Every composer has some works which may not have been their best music. Which works do you feel a composer should have deleted from his record?
I'll start with Prokofiev's 4th. Both versions, neither works, Both are duds.Proof it was a dud , is the plain fact that Prokofiev attempted to improve on it, and the end result was just messy.IMHO Prokofiev does not have 7 syms to his credit, but 6, and really if you consider the 1st is just a neo classical exercise, he really only has 5 syms to his credit,. The rest range from good to outstanding. 

Great wonderful composer in spite of his 4th sym as a dud.

Any others you can think of?


----------



## EddieRUKiddingVarese (Jan 8, 2013)

4'33", not Cages Finest effort


----------



## paulbest (Apr 18, 2019)

Oh here's yet another , how could I fail to mention this one by a super fav composer, Ravel. ,,,BOLERO. ,,yuckkk, how did that thing ever become so popular? 
I hate that thing. One dud among endless masterpieces, easily forgivable.


----------



## DaveM (Jun 29, 2015)

EddieRUKiddingVarese said:


> 4'33", not Cages Finest effort


Just another example of someone not willing to put in the effort to understand it and come to like it.


----------



## SixFootScowl (Oct 17, 2011)

Orff should have scratched Carmina Burana.


----------



## KenOC (Mar 7, 2011)

DaveM said:


> Just another example of someone not willing to put in the effort to understand it and come to like it.


To paraphrase J. F. Runciman: "It is one's duty to hate with all possible fervor the empty and ugly in art; and I hate Cage's 4'33" with a hate that is perfect."

Still, amusing as flypaper for poseurs.


----------



## EddieRUKiddingVarese (Jan 8, 2013)

DaveM said:


> Just another example of someone not willing to put in the effort to understand it and come to like it.


True, however I feel Cages  One[SUP]3[/SUP] is far superior


----------



## Strange Magic (Sep 14, 2015)

paulbest said:


> Every composer has some works which may not have been their best music. Which works do you feel a composer should have deleted from his record?
> I'll start with Prokofiev's 4th. Both versions, neither works, Both are duds.Proof it was a dud , is the plain fact that Prokofiev attempted to improve on it, and the end result was just messy.IMHO Prokofiev does not have 7 syms to his credit, but 6, and really if you consider the 1st is just a neo classical exercise, he really only has 5 syms to his credit,. The rest range from good to outstanding.
> 
> Great wonderful composer in spite of his 4th sym as a dud.
> ...


One man's opinion. For me, Prokofiev's original version of the 4th works just fine. His 2nd symphony is noise--the ear-splitting first movement an accurate portrayal of the Final Battle of Godzilla and King Kong. Aesthetics is personal opinion, nothing more, no matter how people struggle to transform it into any sort of universal recognition of inherent Truth and Beauty.


----------



## Art Rock (Nov 28, 2009)

It's quite a step from "I dislike this work sooo much" to "composers should have scratched this from their opus". Given the examples posted so far, it is also clearly a step too far.


----------



## tdc (Jan 17, 2011)

I love Prokofiev's 4th (and the 2nd even more). 

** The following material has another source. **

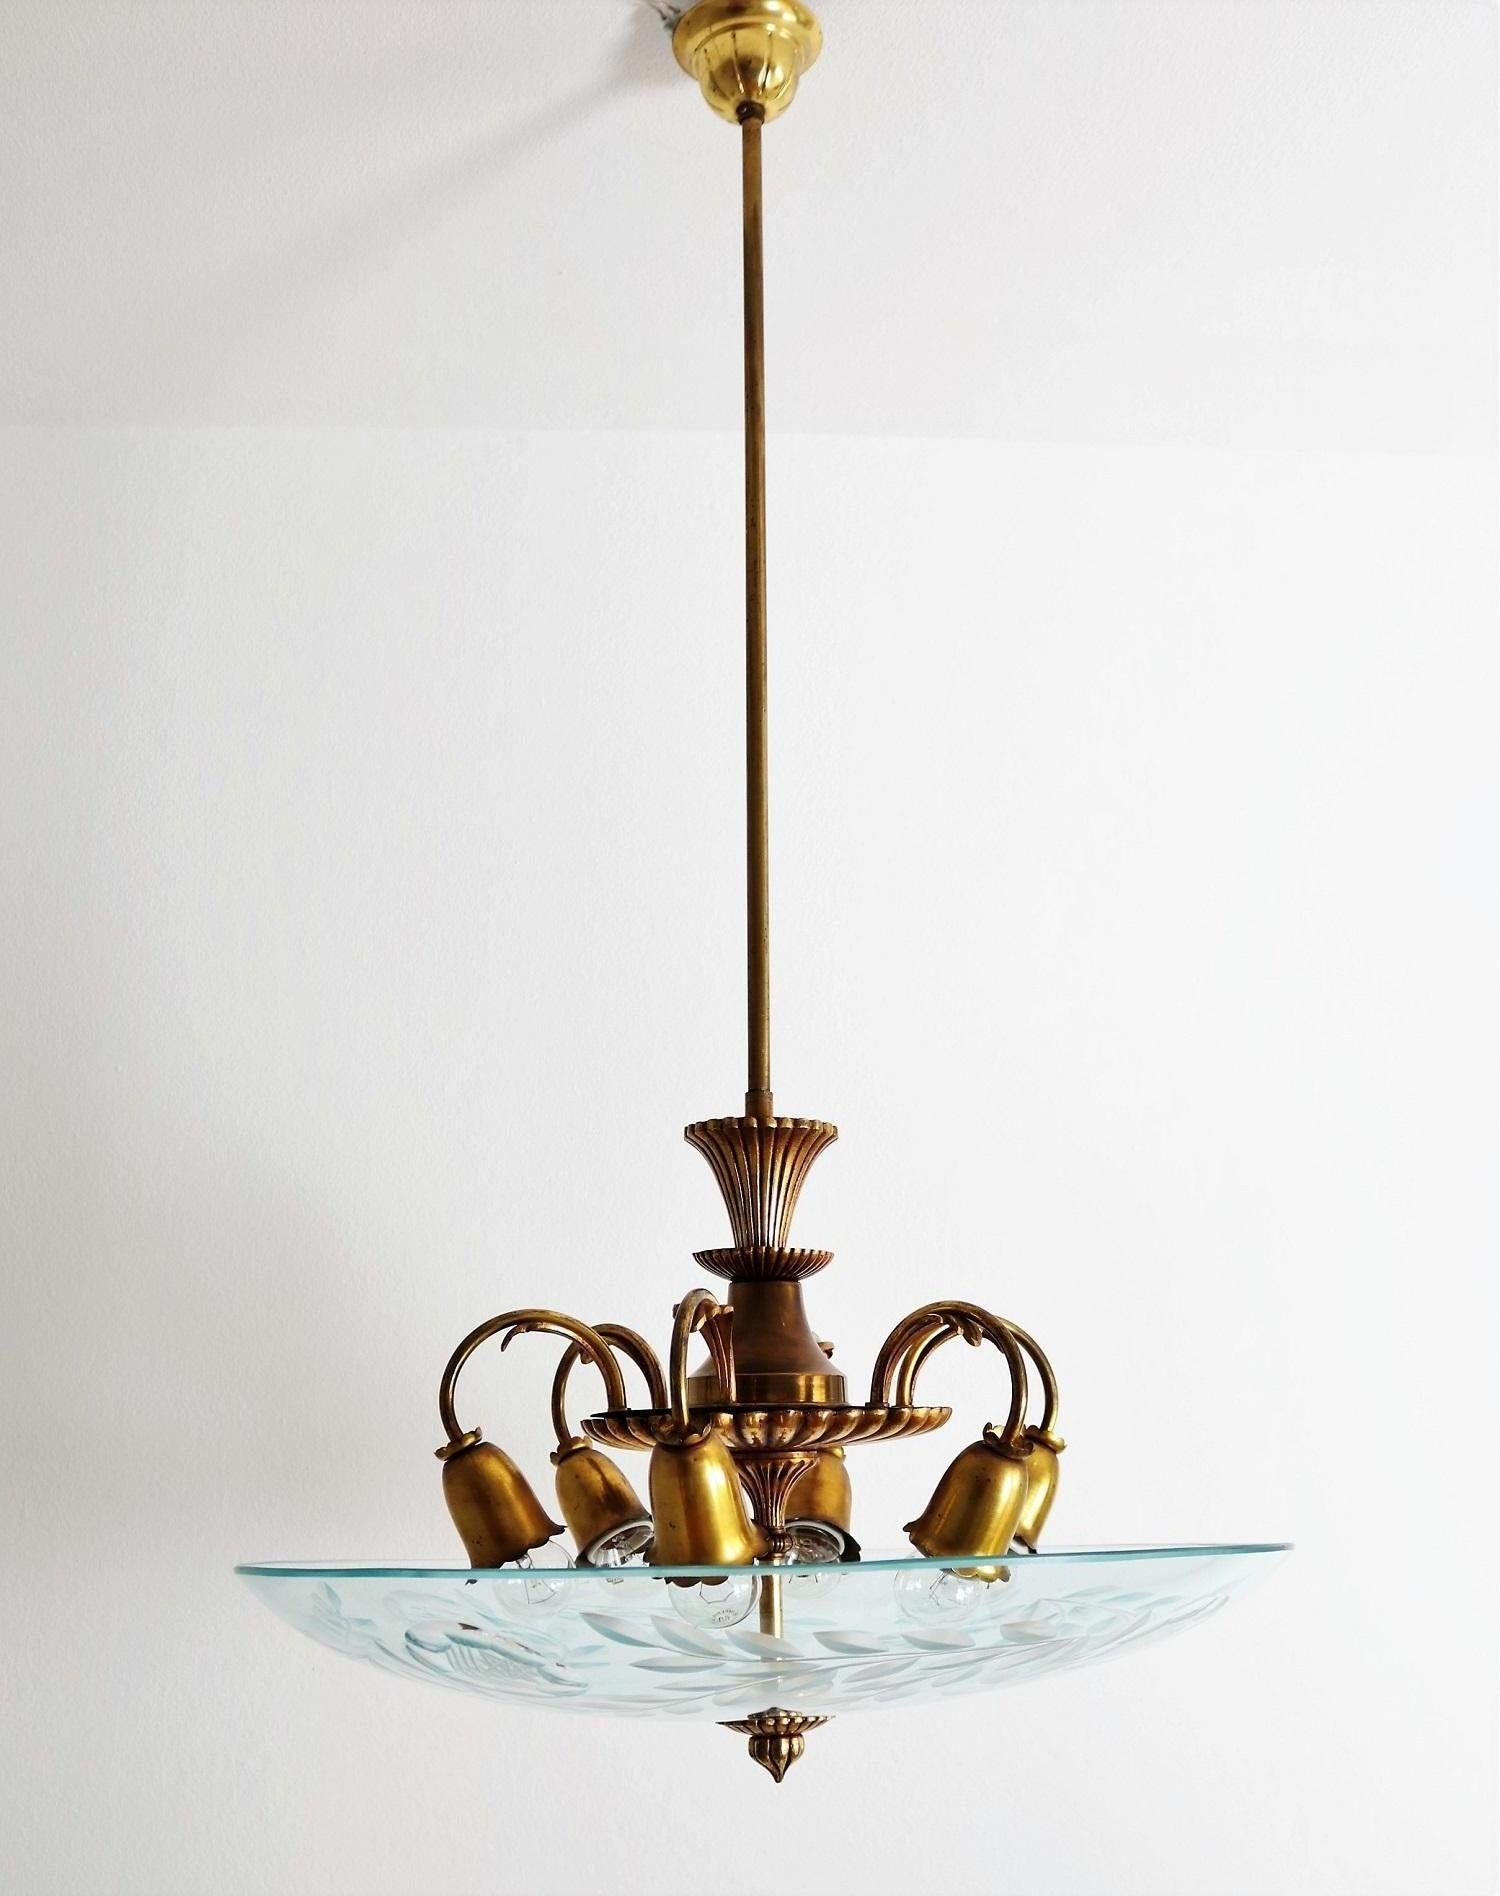 Italian Midcentury Brass and Crystal Glass Chandelier, 1950s For Sale 12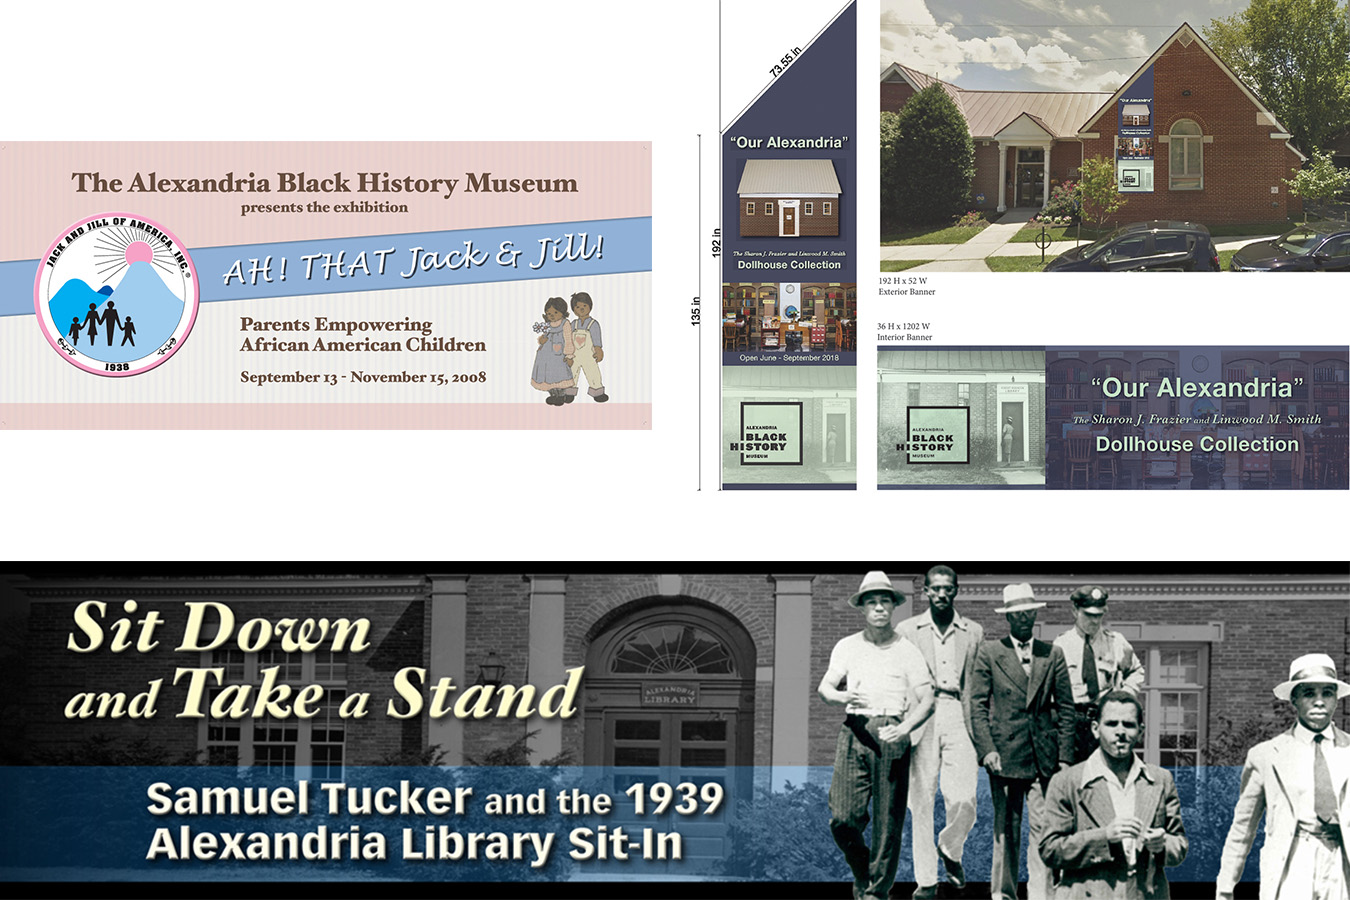  ABHM Banners : Interior and Exterior Wall banners for Alexandria Black History Museum

I'm not sure I would scratch any opus numbers, but because I thought about this recently I would like to use this thread to confess Bartok's Piano Concerto no. 3 is a bit of a let down for me. But it is only because for me the first two are among the most jaw dropping masterpieces in the repertoire, they are remarkable, eternally fresh works that I enjoy beyond description. The 3rd by comparison, is just a very nice work, and the last movement seems a bit of a watered down version of the last movement of his second PC. But all that said I still wouldn't scratch it.


----------



## Larkenfield (Jun 5, 2017)

Ditch it? I don't think so. Perhaps his struggle is that the first movement tries to be all things to all people or he had trouble deciding exactly on what he wanted it to be. But there are some exquisite and subtle dissonances worth hearing and also an epic grandeur at times that reveals another side of the composer. I consider this an underrated symphony that does not set out to impress; I don't think that was his intention and his purpose was more subtle than that. I thought this was an excellent performance:






"I'll start with Prokofiev's 4th. Both versions, neither works, Both are duds.Proof it was a dud , is the plain fact that Prokofiev attempted to improve on it, and the end result was just messy."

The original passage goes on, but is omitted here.